_TASK TO COMPLETE_
Look through the listing below for the line containing "Photographie de jeunes". Copy it and each line after it up to and including the line containing "Dėstytojai. Sigitas krivickas", exactly, leaving out pictures.

---- AVAILABLE RECORDS

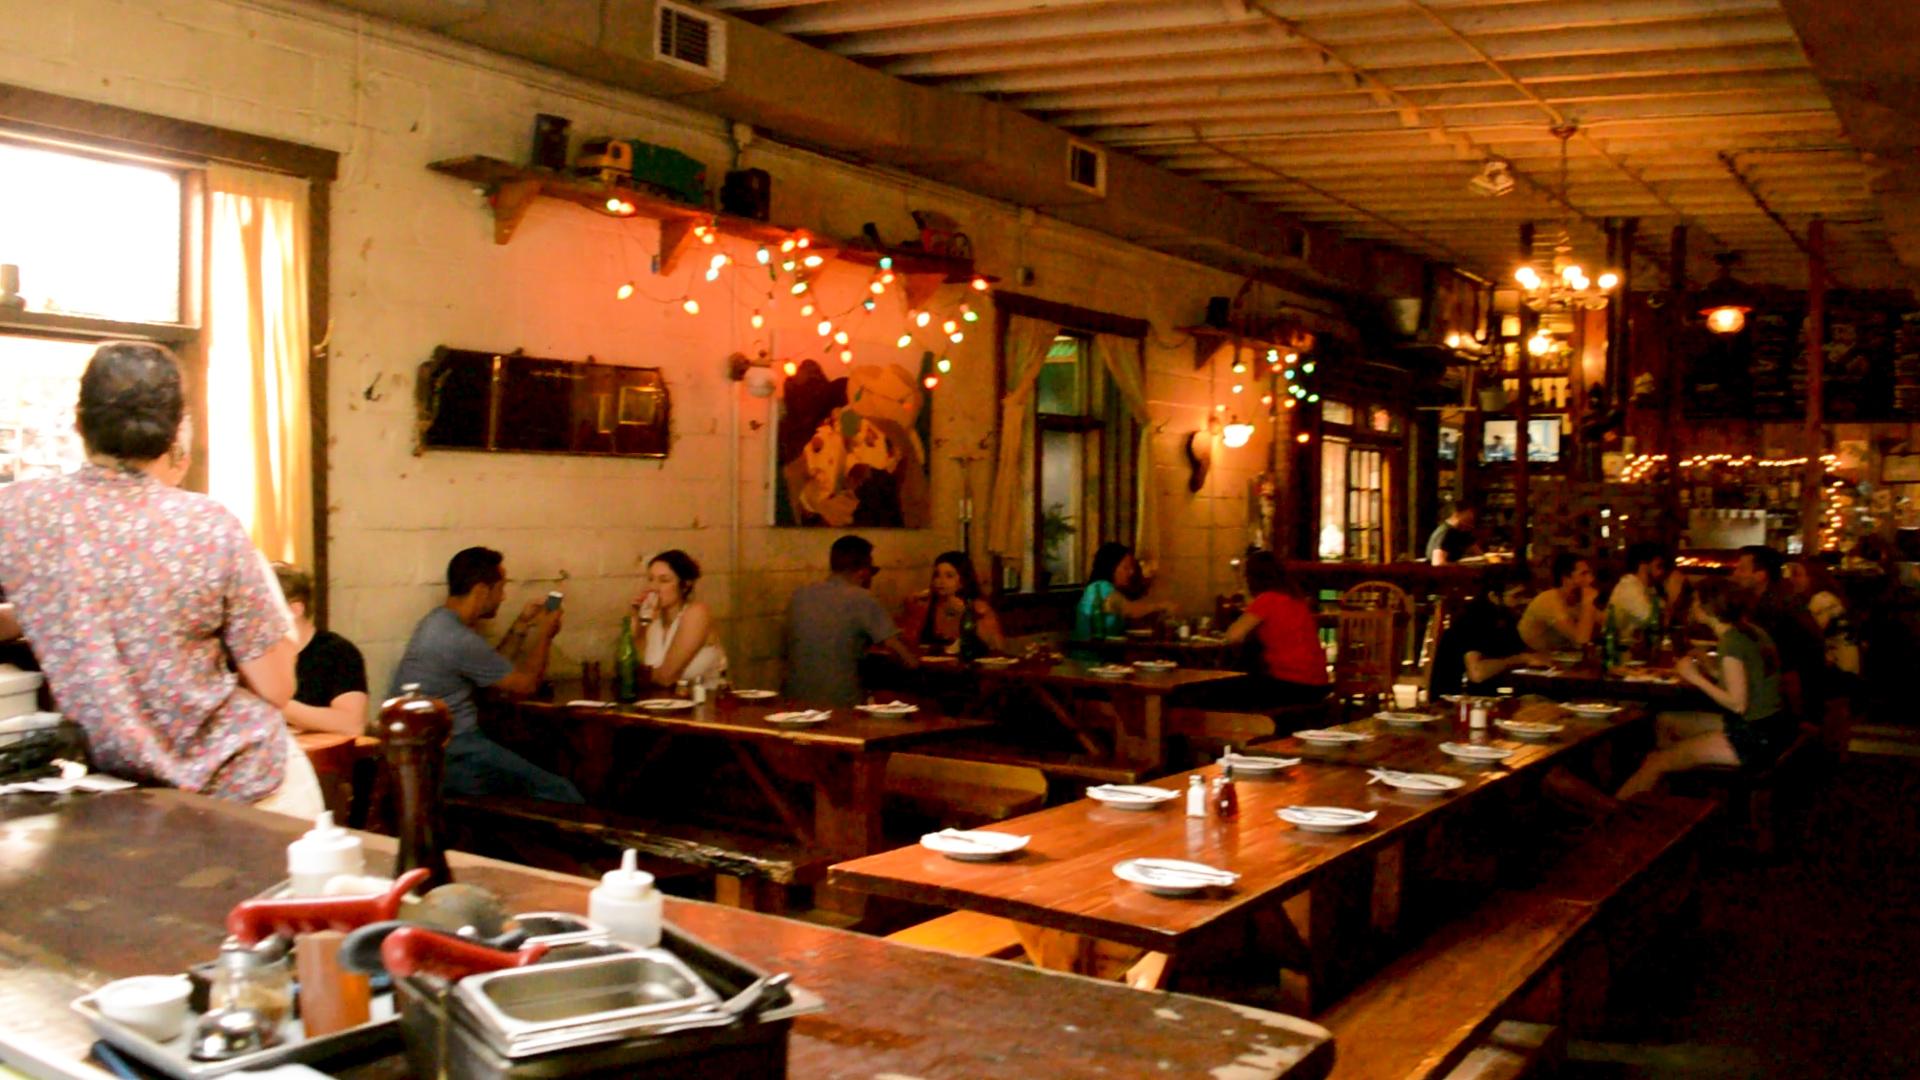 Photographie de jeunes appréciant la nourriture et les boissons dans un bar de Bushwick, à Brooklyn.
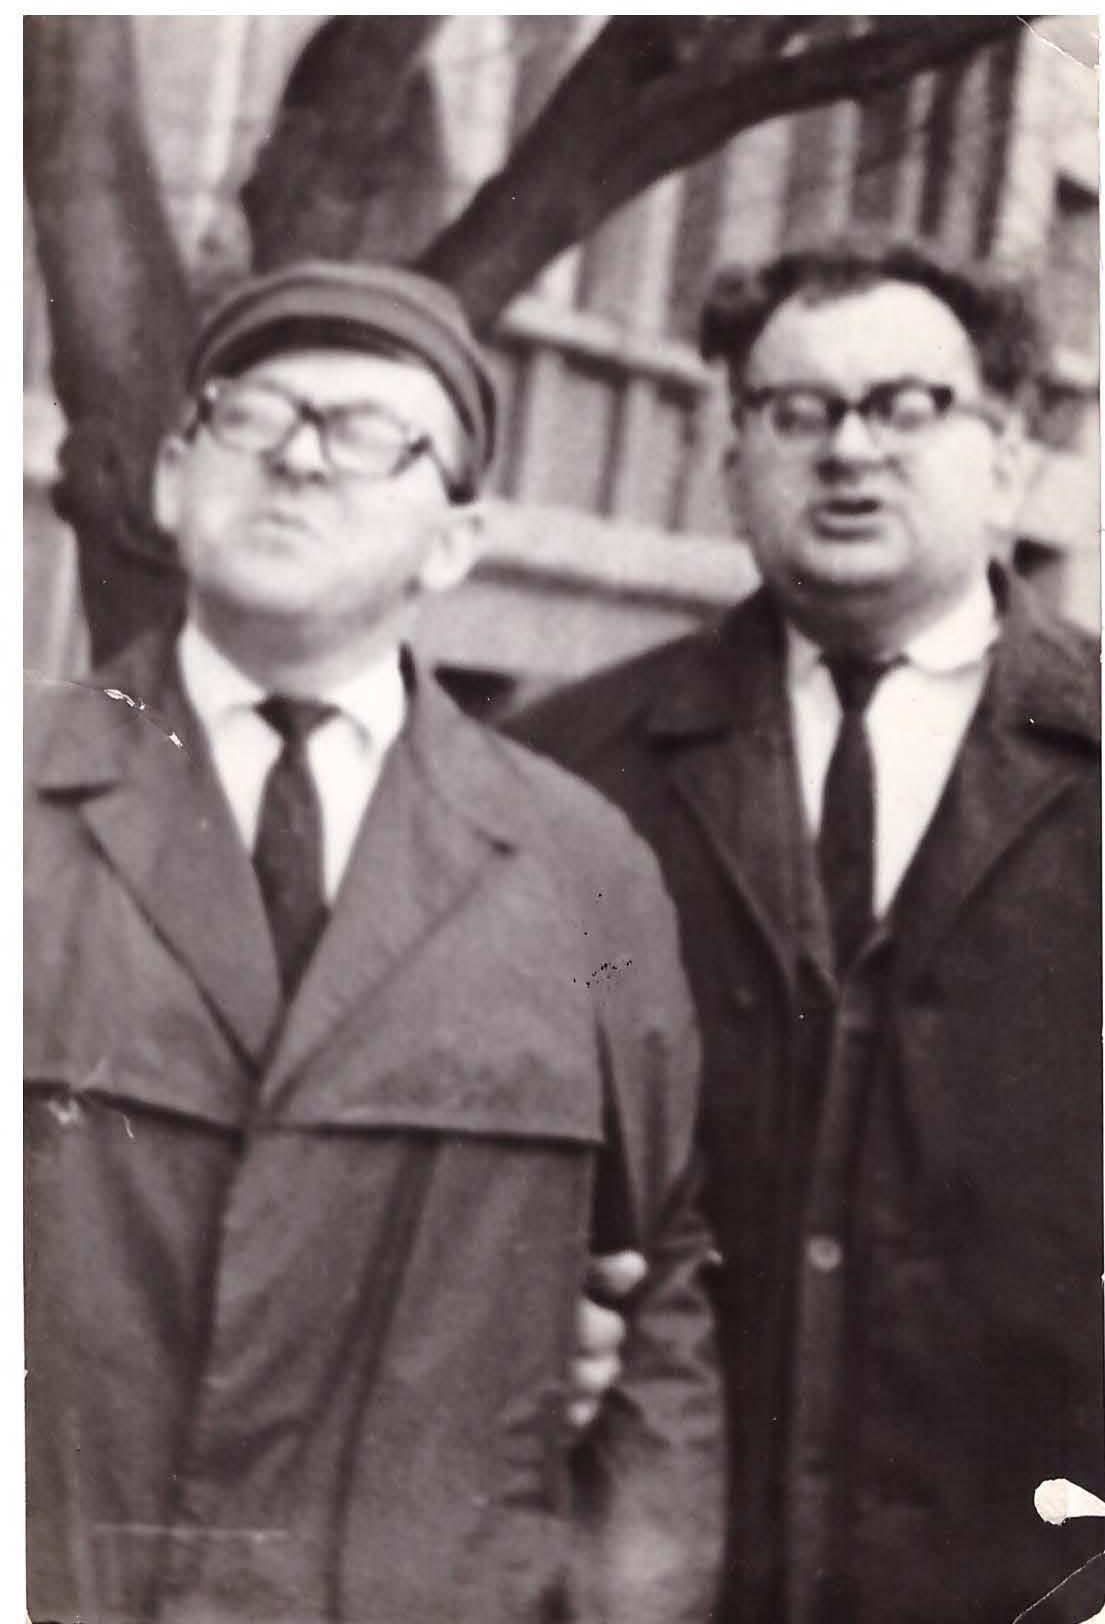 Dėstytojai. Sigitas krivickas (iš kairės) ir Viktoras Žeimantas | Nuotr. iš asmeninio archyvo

--------
---- AVAILABLE RECORDS

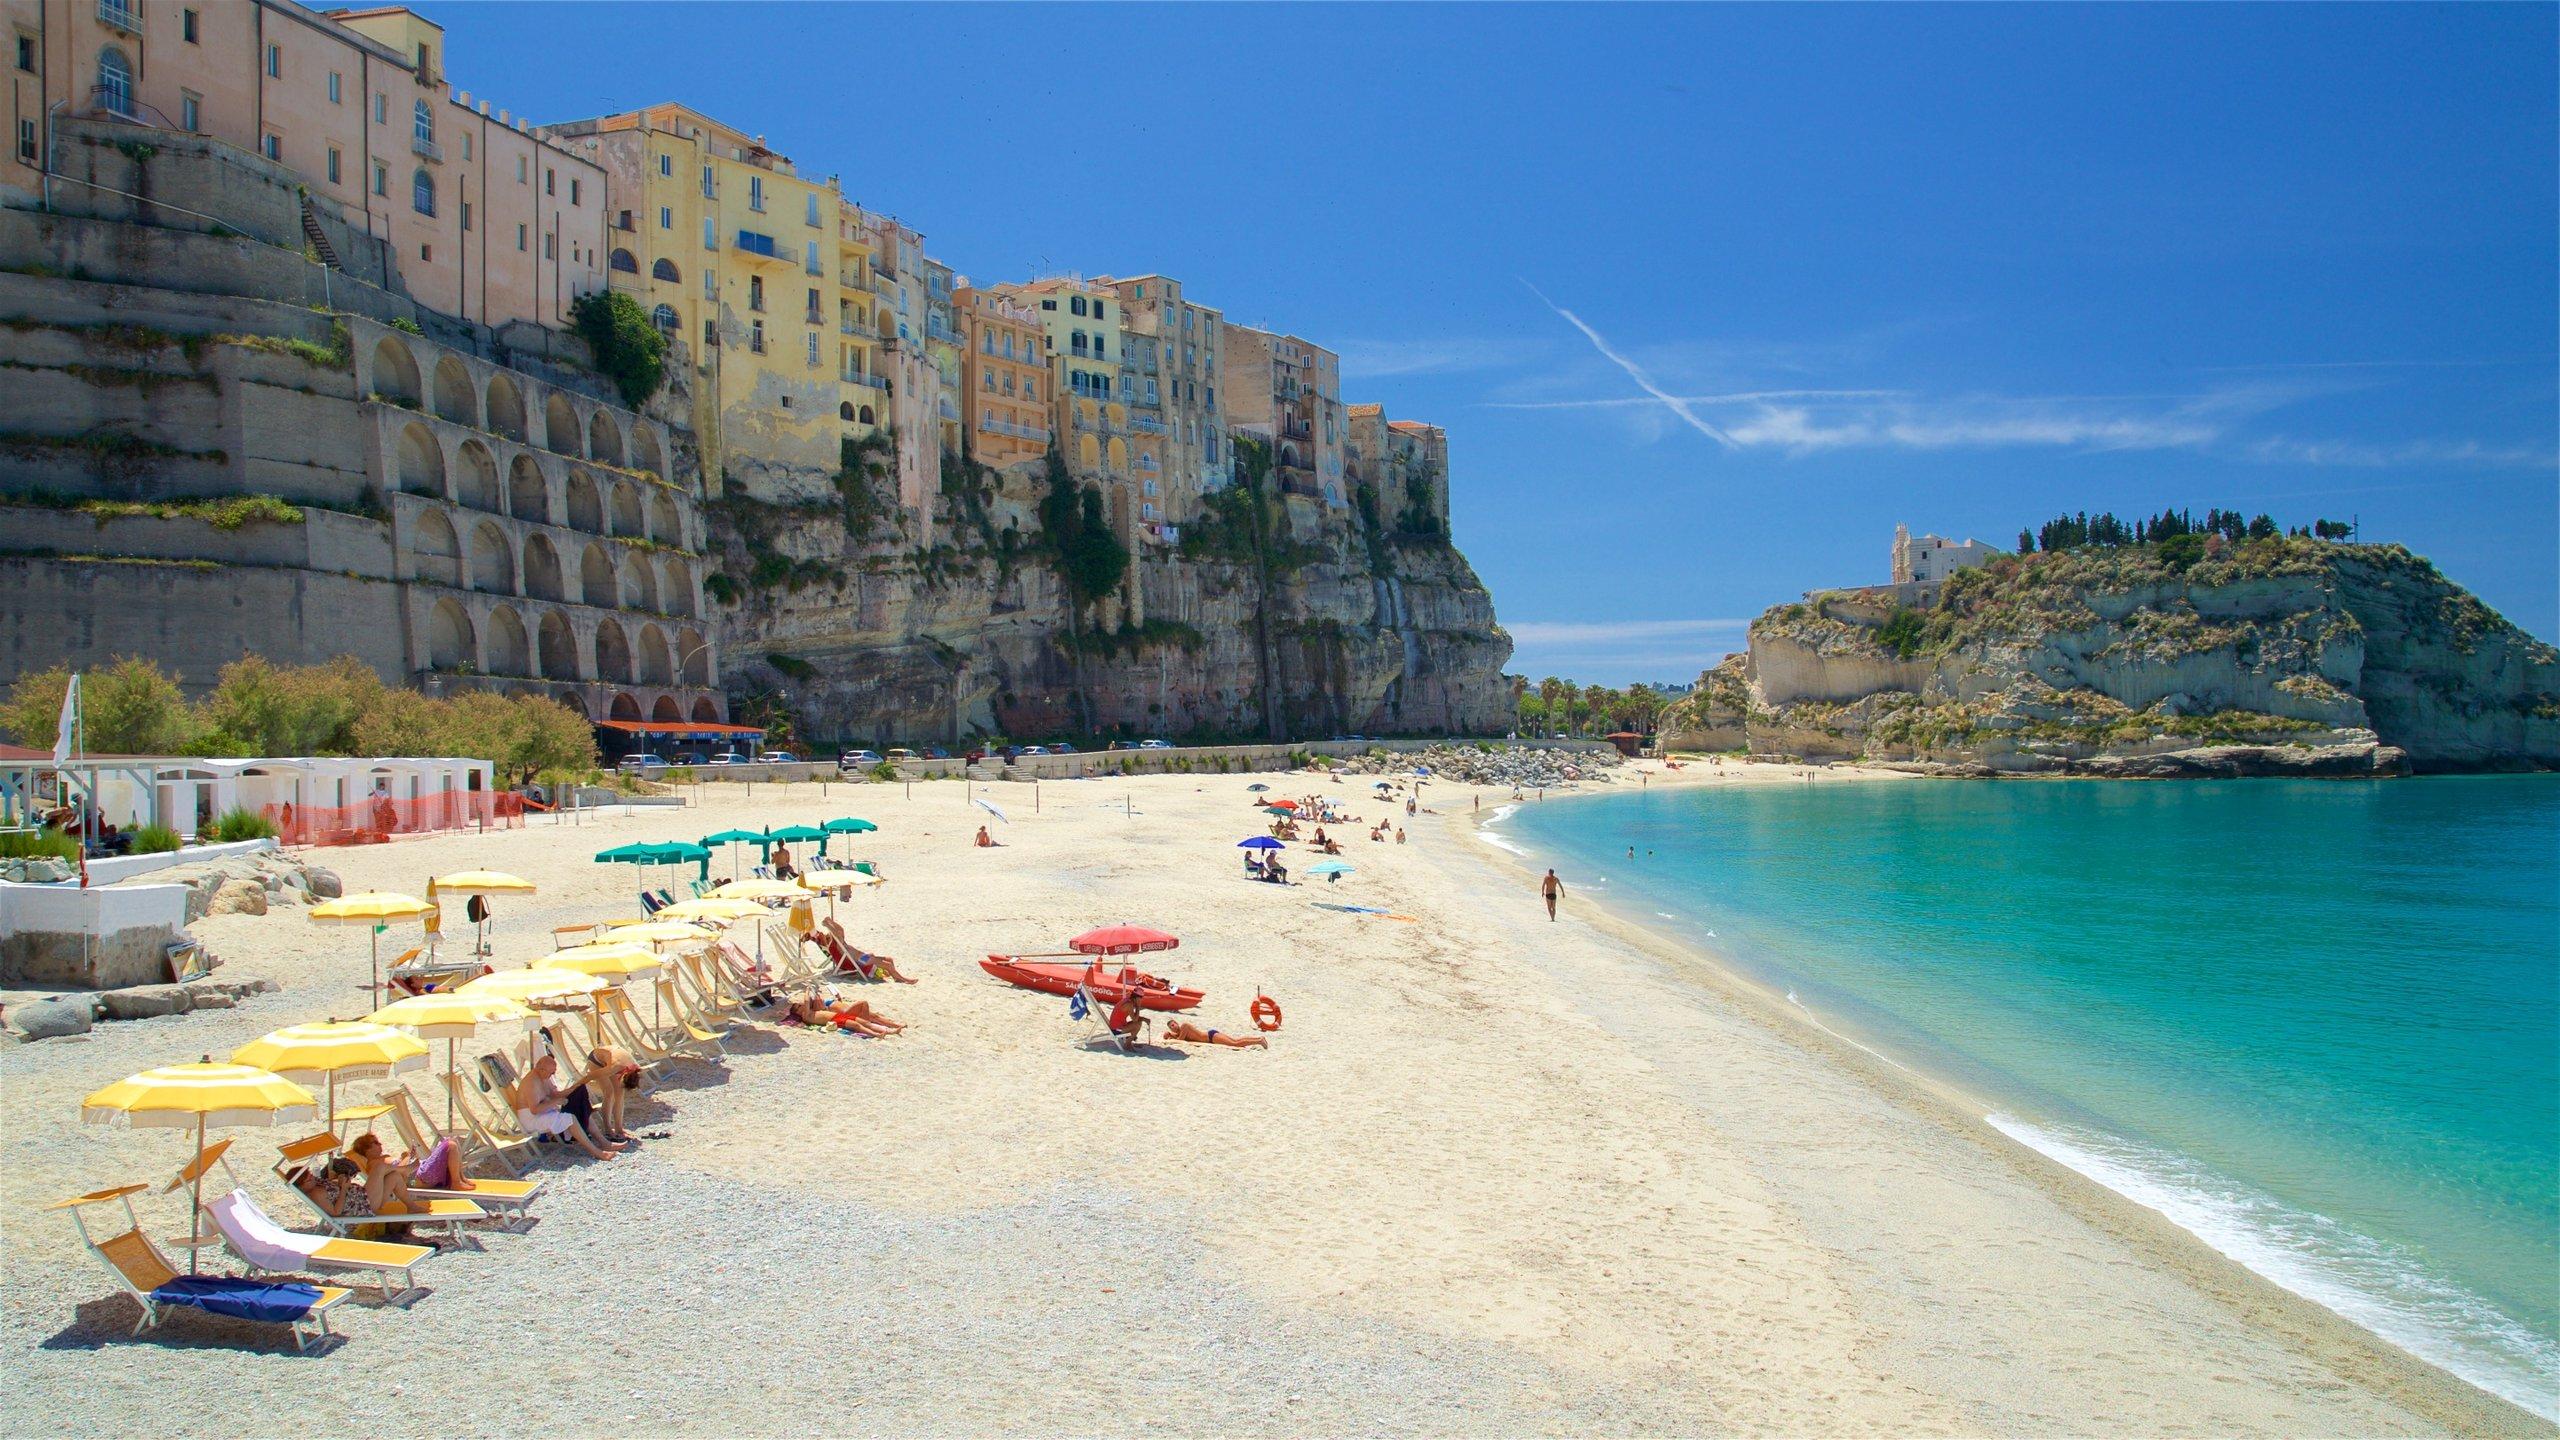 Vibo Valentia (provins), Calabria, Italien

--------

_ANSWER AREA_
 Photographie de jeunes appréciant la nourriture et les boissons dans un bar de Bushwick, à Brooklyn.
 Dėstytojai. Sigitas krivickas (iš kairės) ir Viktoras Žeimantas | Nuotr. iš asmeninio archyvo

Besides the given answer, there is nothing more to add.